The code to validate the MRZ data is closed source and based on open source code at https://github.com/DoubangoTelecom/ultimateMRZ-SDK/tree/master/samples/c++/validation.
A check digit consists of a single digit computed from the other digits in a series. Check digits in the MRZ are calculated on specified numerical data elements in the MRZ. The check digits permit readers to verify that data in the MRZ is correctly interpreted.

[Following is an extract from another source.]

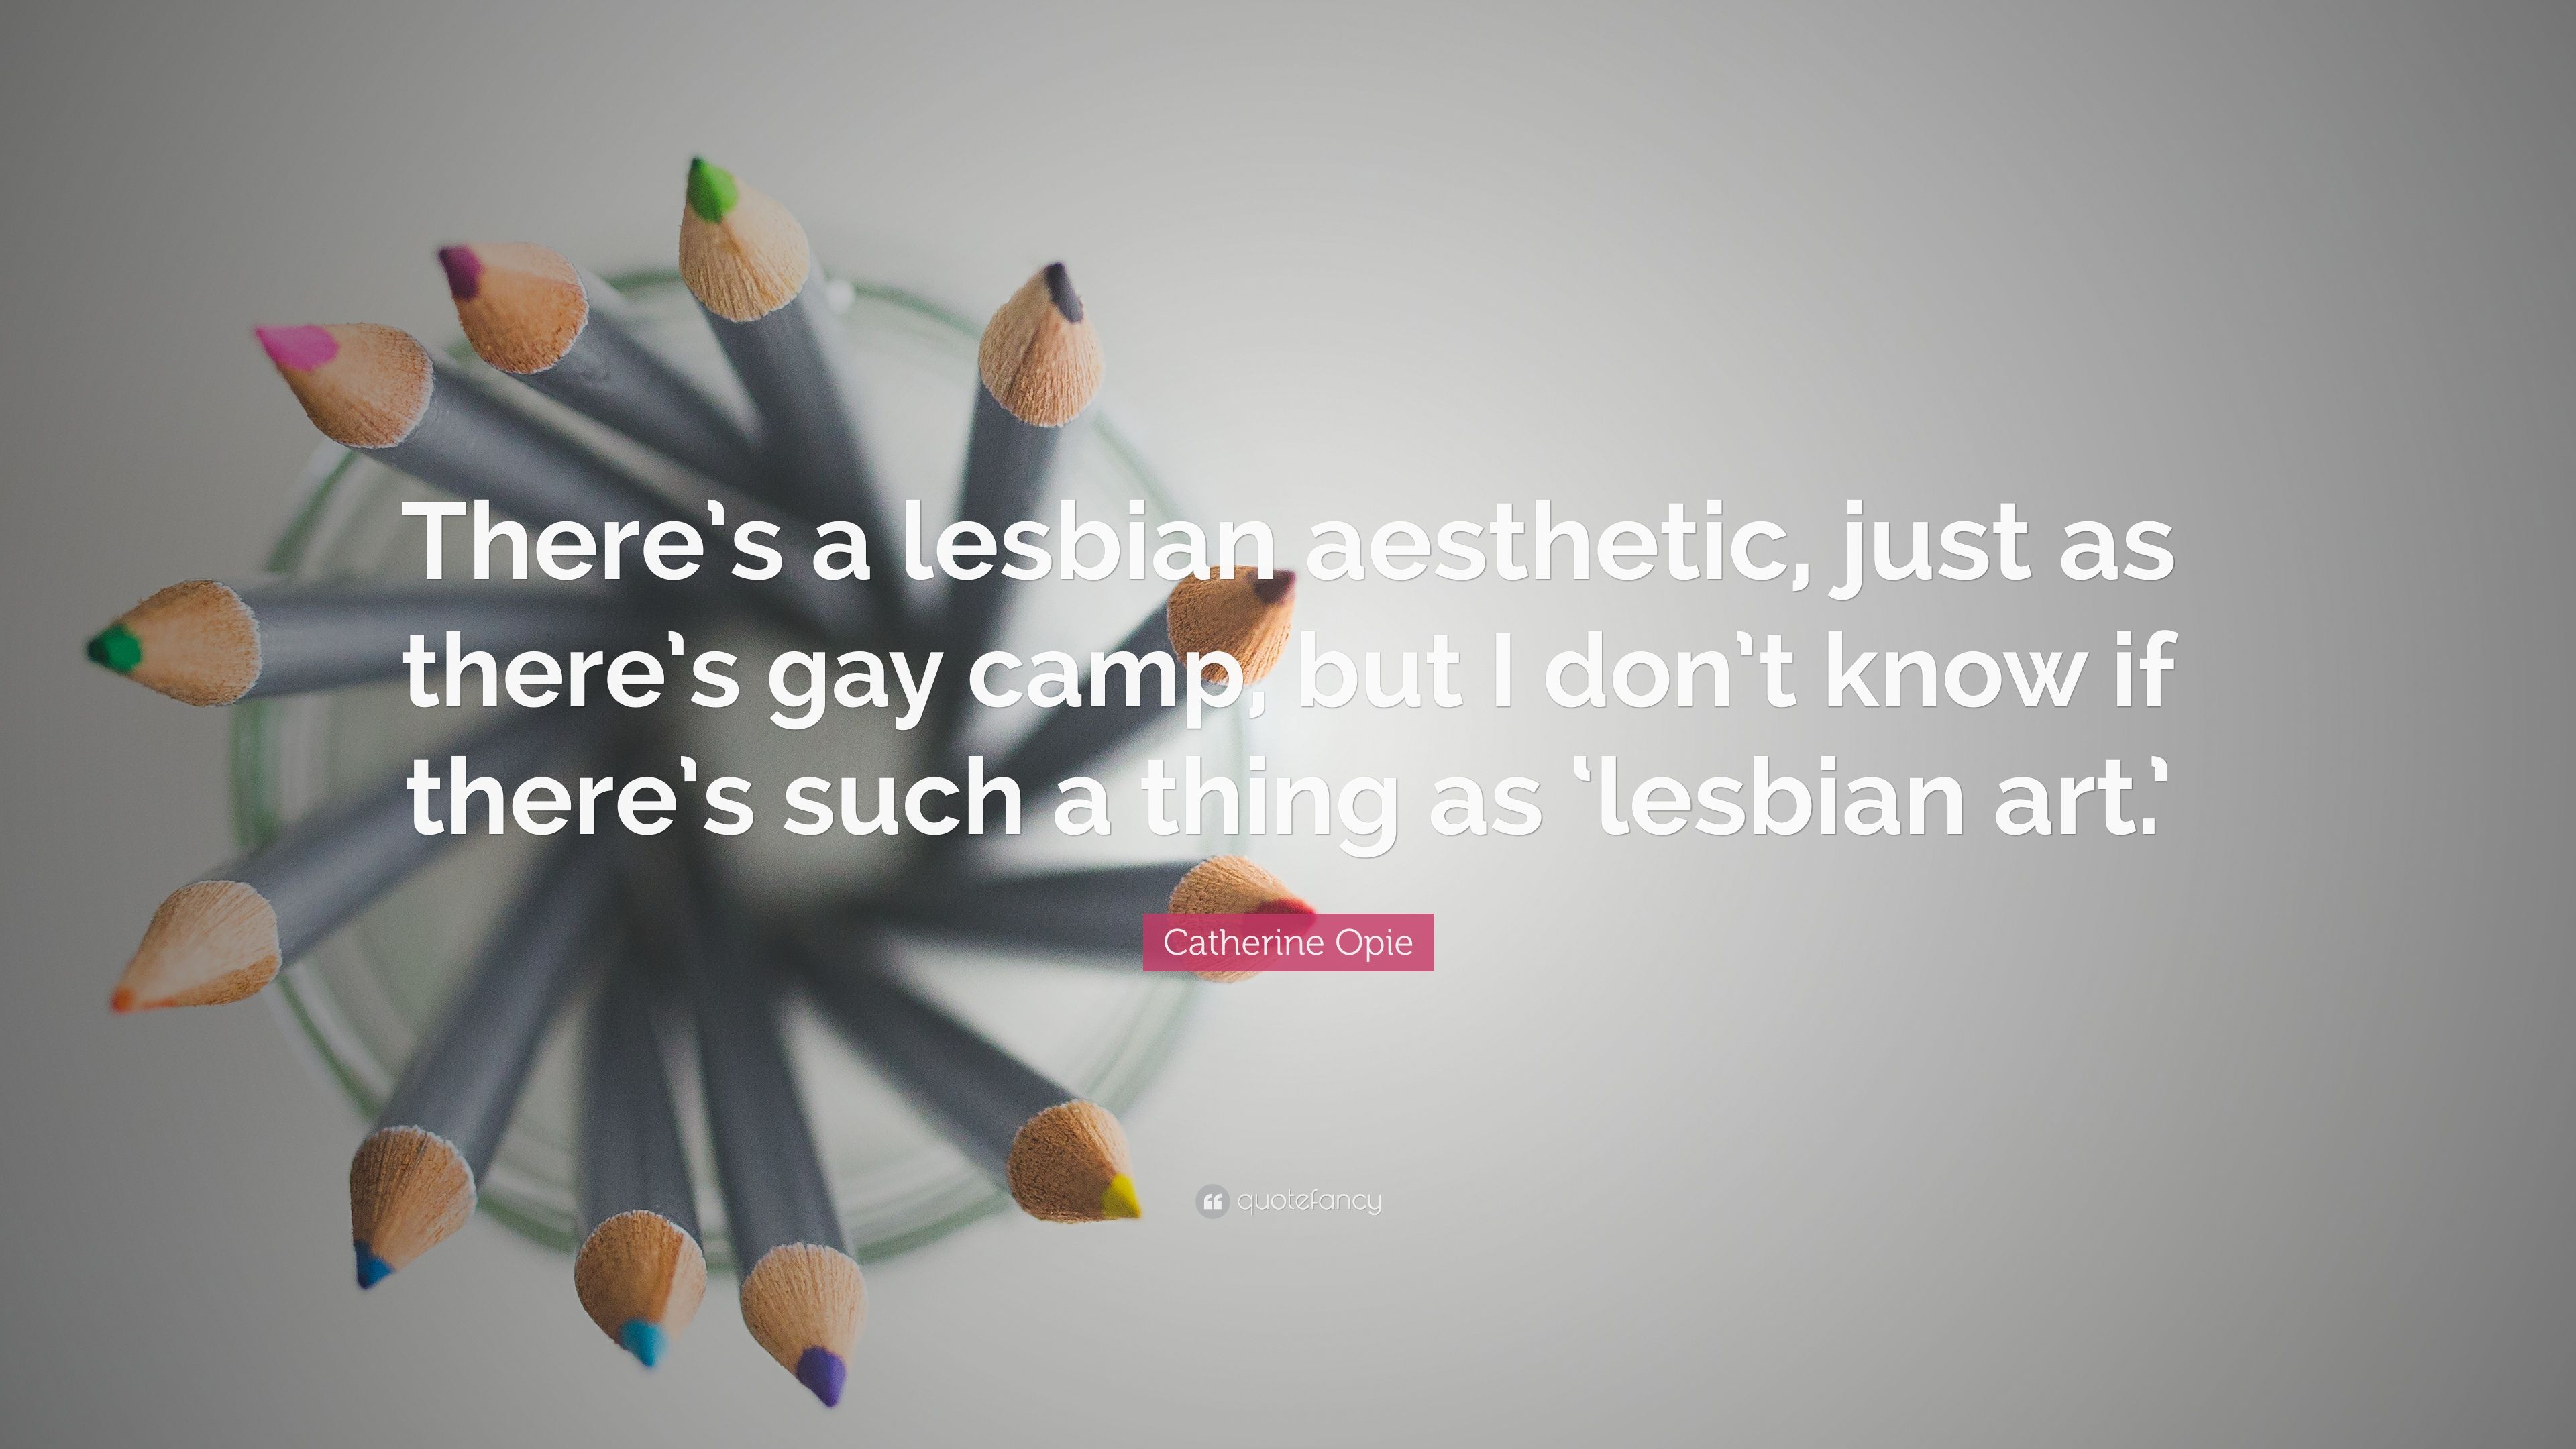 Catherine Opie Quote: “There's a lesbian aesthetic, just as there's gay camp, but I don't know if there's such a thing as 'lesbian art.'” (7 wallpaper)

- A special check digit calculation has been adopted for use in MRTDs. The check digits shall be calculated on modulus 10 with a continuously repetitive weighting of 731 731 …, as follows:
Step 1. Going from left to right, multiply each digit of the pertinent numerical data element by the weighting figure appearing in the corresponding sequential position.
Step 2. Add the products of each multiplication.

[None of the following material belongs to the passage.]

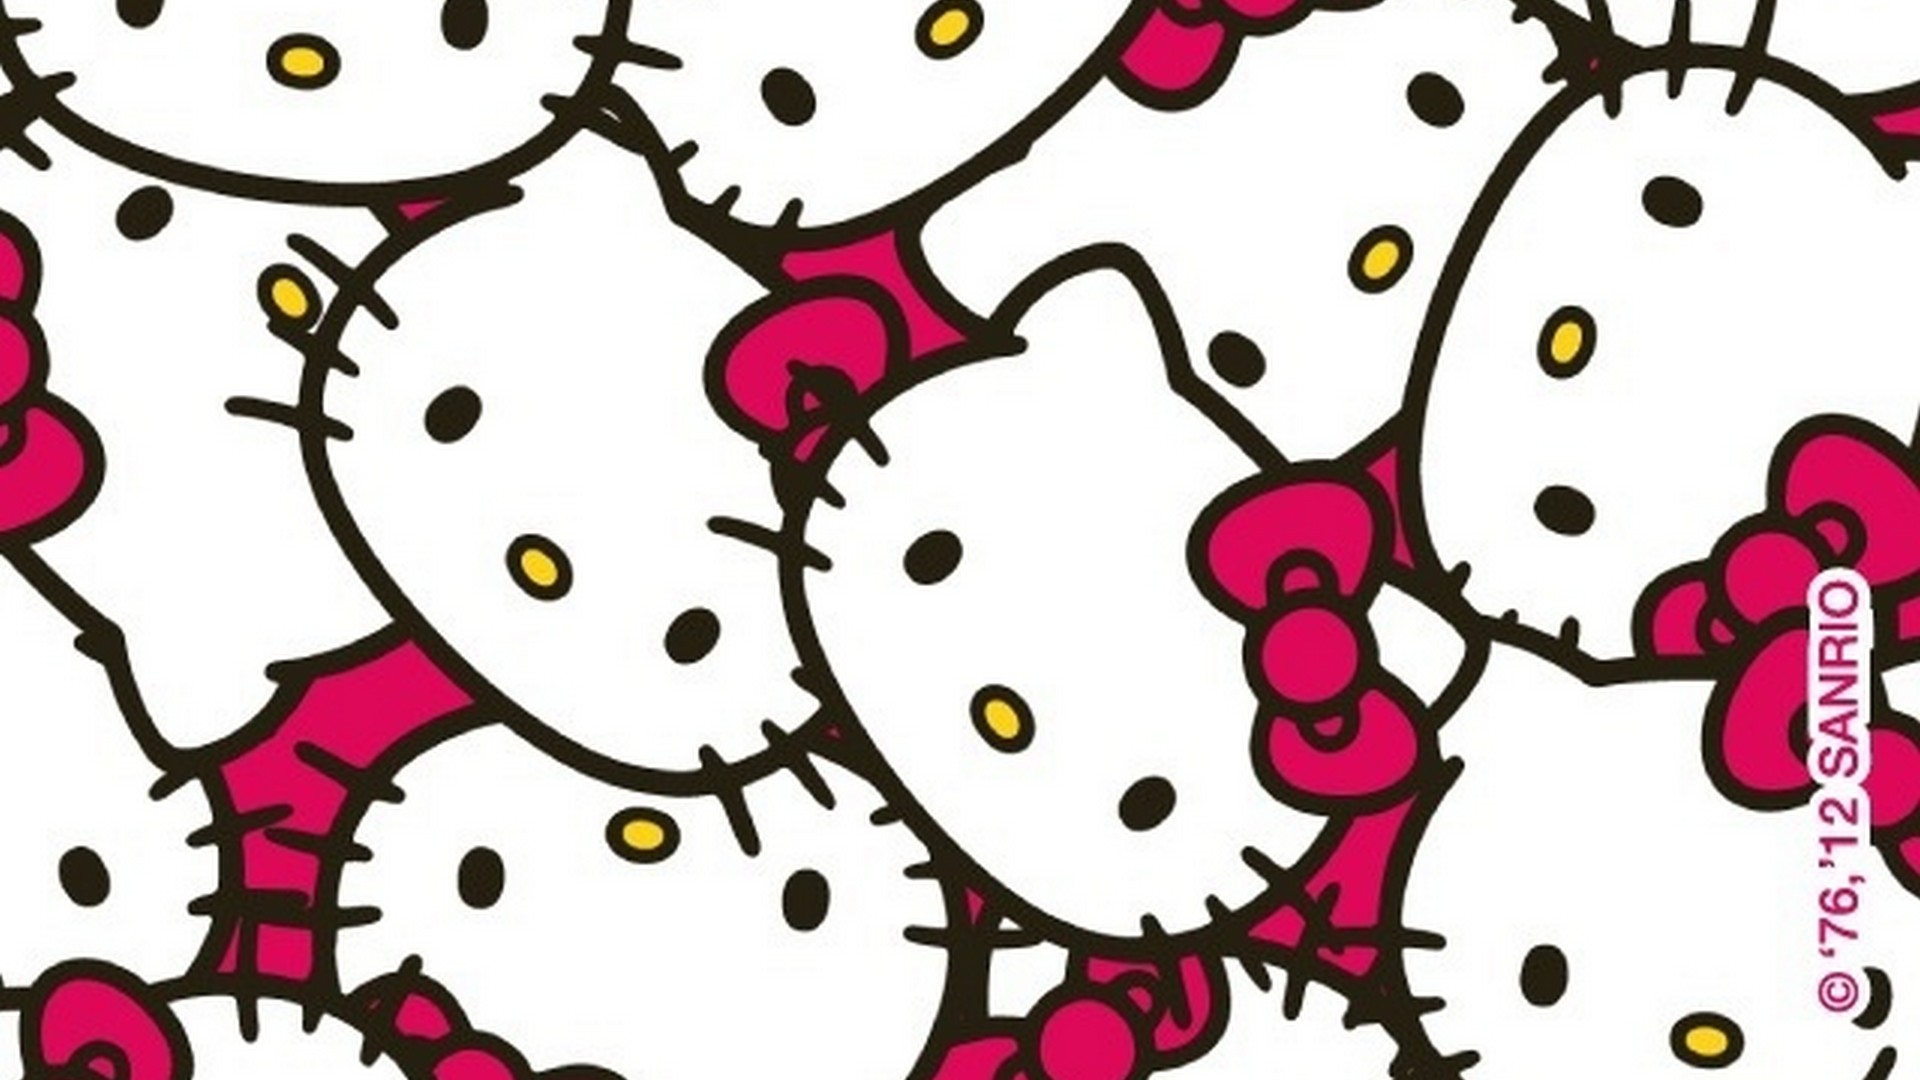 Desktop Wallpaper Hello Kitty with image resolution 1920x1080 pixel. You can use this wallpaper as background for your desktop Computer Screensavers, Android or iPhone smartphones

Step 3. Divide the sum by 10 (the modulus).
Step 4. The remainder shall be the check digit.
For data elements in which the number does not occupy all available character positions, the symbol < shall be used to complete vacant positions and shall be given the value of zero for the purpose of calculating the check digit.
When the check digit calculation is applied to data elements containing alphabetic characters, the characters A to Z shall have the values 10 to 35 consecutively, as follows:
A |
10 |
B |
11 |
C |
12 |
D |
13 |
E |
14 |
F |
15 |
G |
16 |
H |
17 |
I |
18 |
J |
19 |
K |
20 |
L |
21 |
M |
22 |
N |
23 |
O |
24 |
P |
25 |
Q |
26 |
R |
27 |
S |
28 |
T |
29 |
U |
30 |
V |
31 |
W |
32 |
X |
33 |
Y |
34 |
Z |
35 |
Next sections explain how to implement the above algorithm using C++. The entire code could be found at https://github.com/DoubangoTelecom/ultimateMRZ-SDK/blob/master/samples/c++/validation/main.cxx and it’s used in the validation sample application.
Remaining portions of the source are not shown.